__Goal of the exercise__: In the listing below, locate the line with "b cherregal raumbreit" and the line with "Maison unifamiliale pour", then output both and everything between them exactly, minus any pictures.

__Entries shown__:
------------------------------------------------------------------------

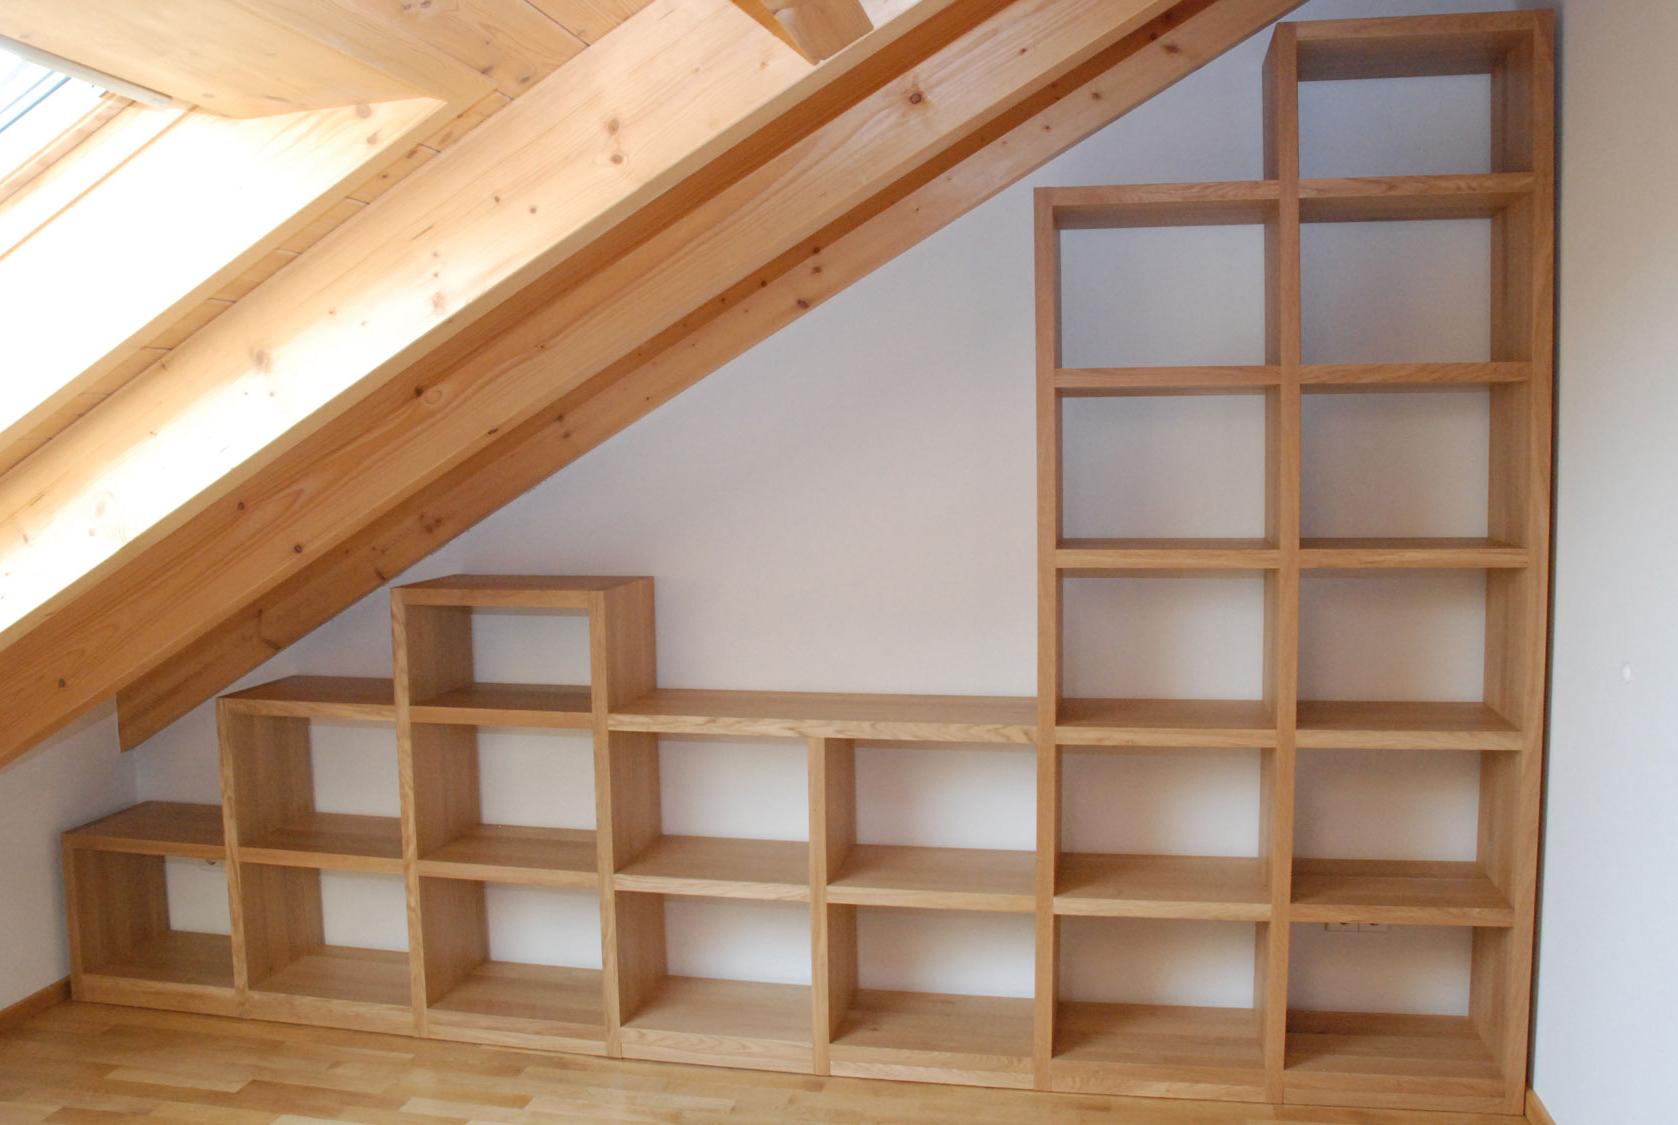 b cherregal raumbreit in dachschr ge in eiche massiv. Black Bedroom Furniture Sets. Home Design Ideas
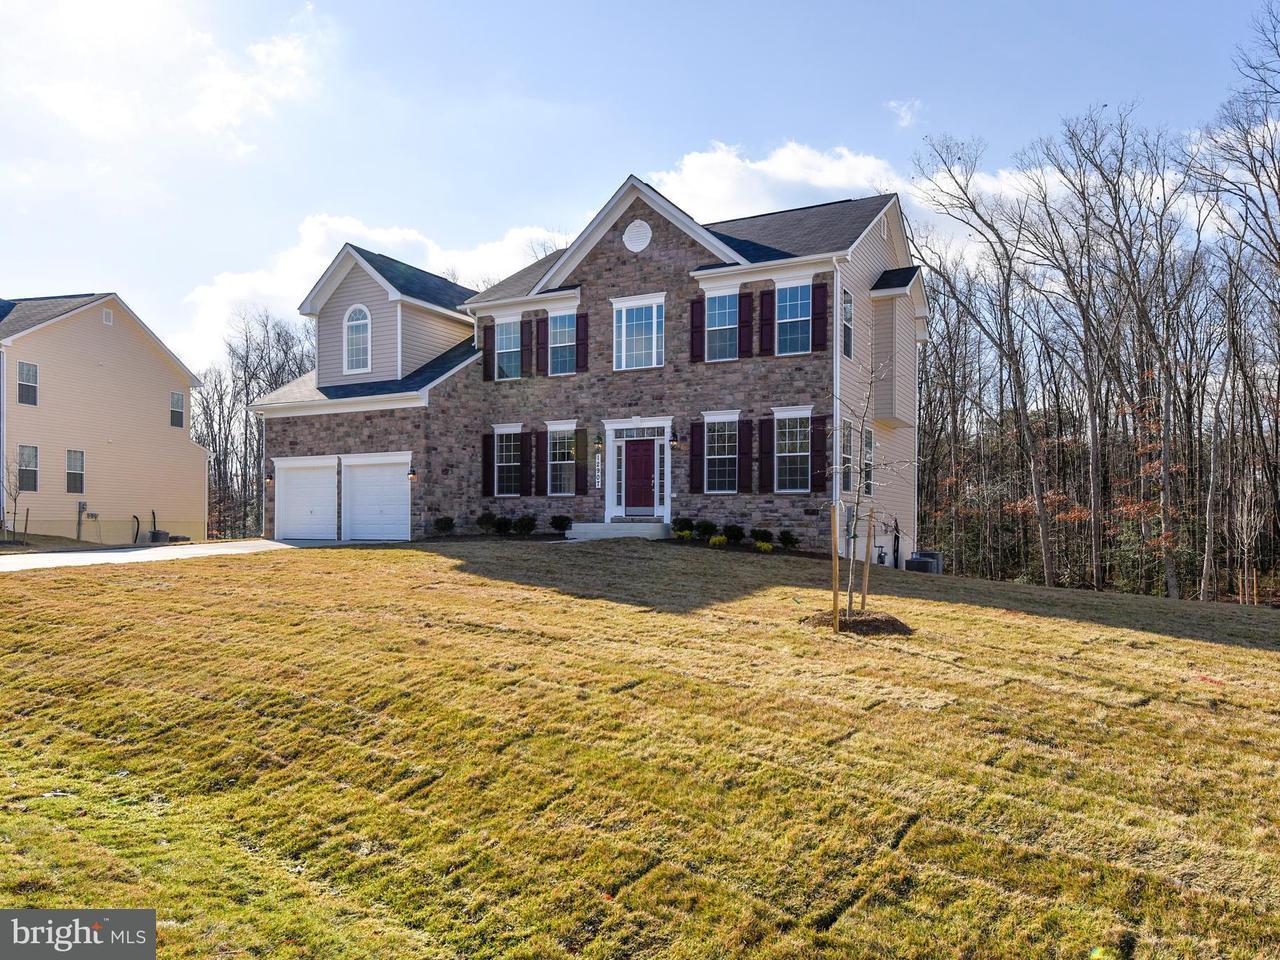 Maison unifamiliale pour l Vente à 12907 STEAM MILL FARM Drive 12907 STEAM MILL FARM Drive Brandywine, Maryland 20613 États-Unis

------------------------------------------------------------------------

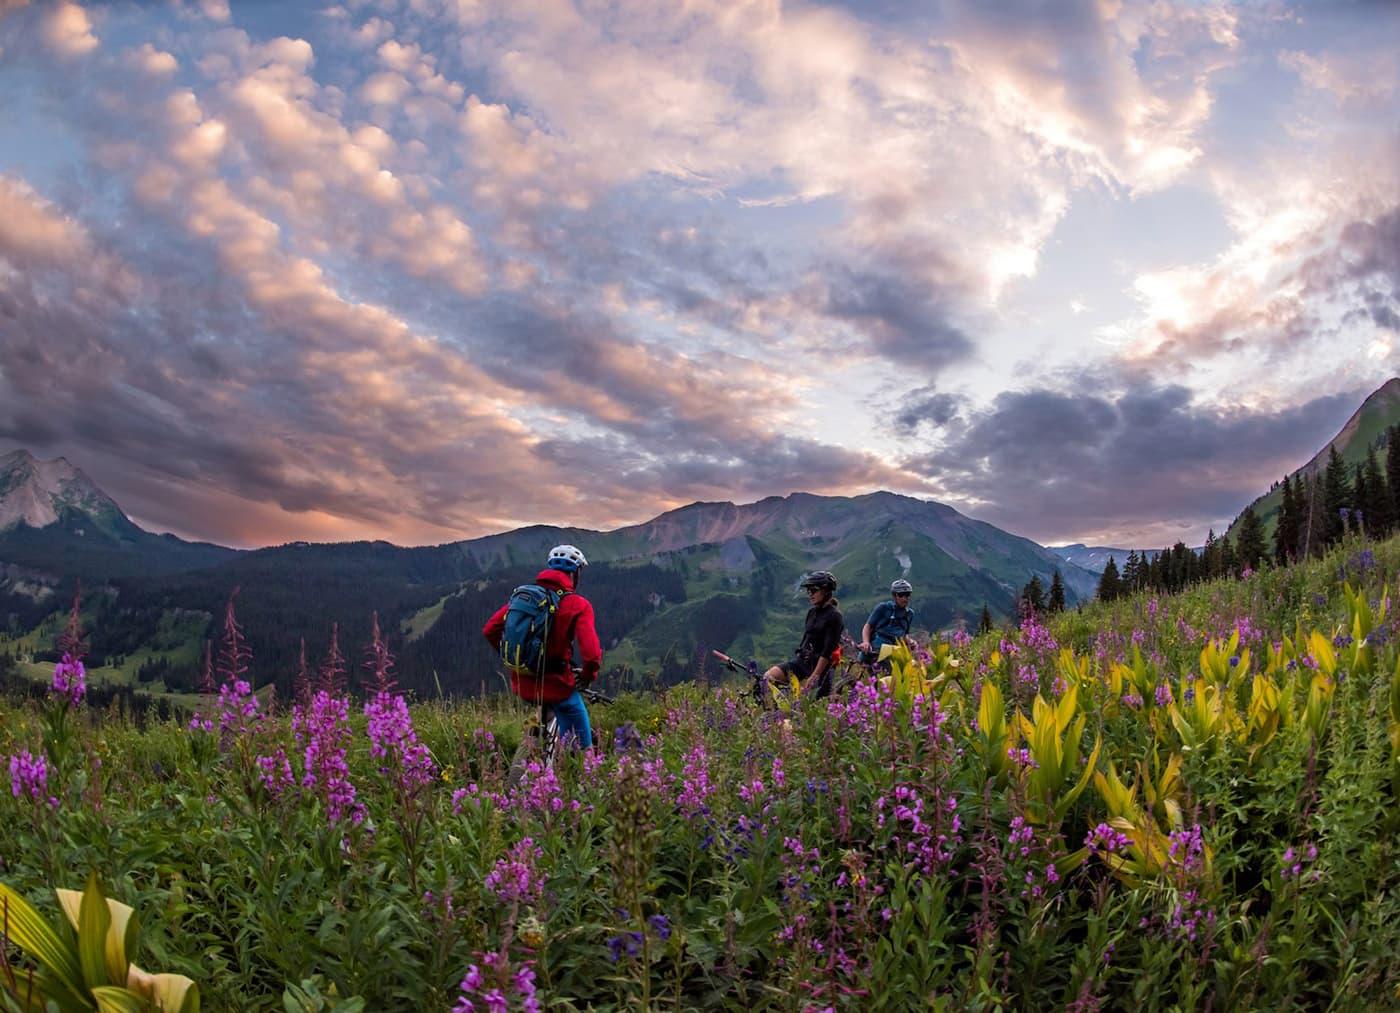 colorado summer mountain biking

------------------------------------------------------------------------

__Your response__:
 b cherregal raumbreit in dachschr ge in eiche massiv. Black Bedroom Furniture Sets. Home Design Ideas
 Maison unifamiliale pour l Vente à 12907 STEAM MILL FARM Drive 12907 STEAM MILL FARM Drive Brandywine, Maryland 20613 États-Unis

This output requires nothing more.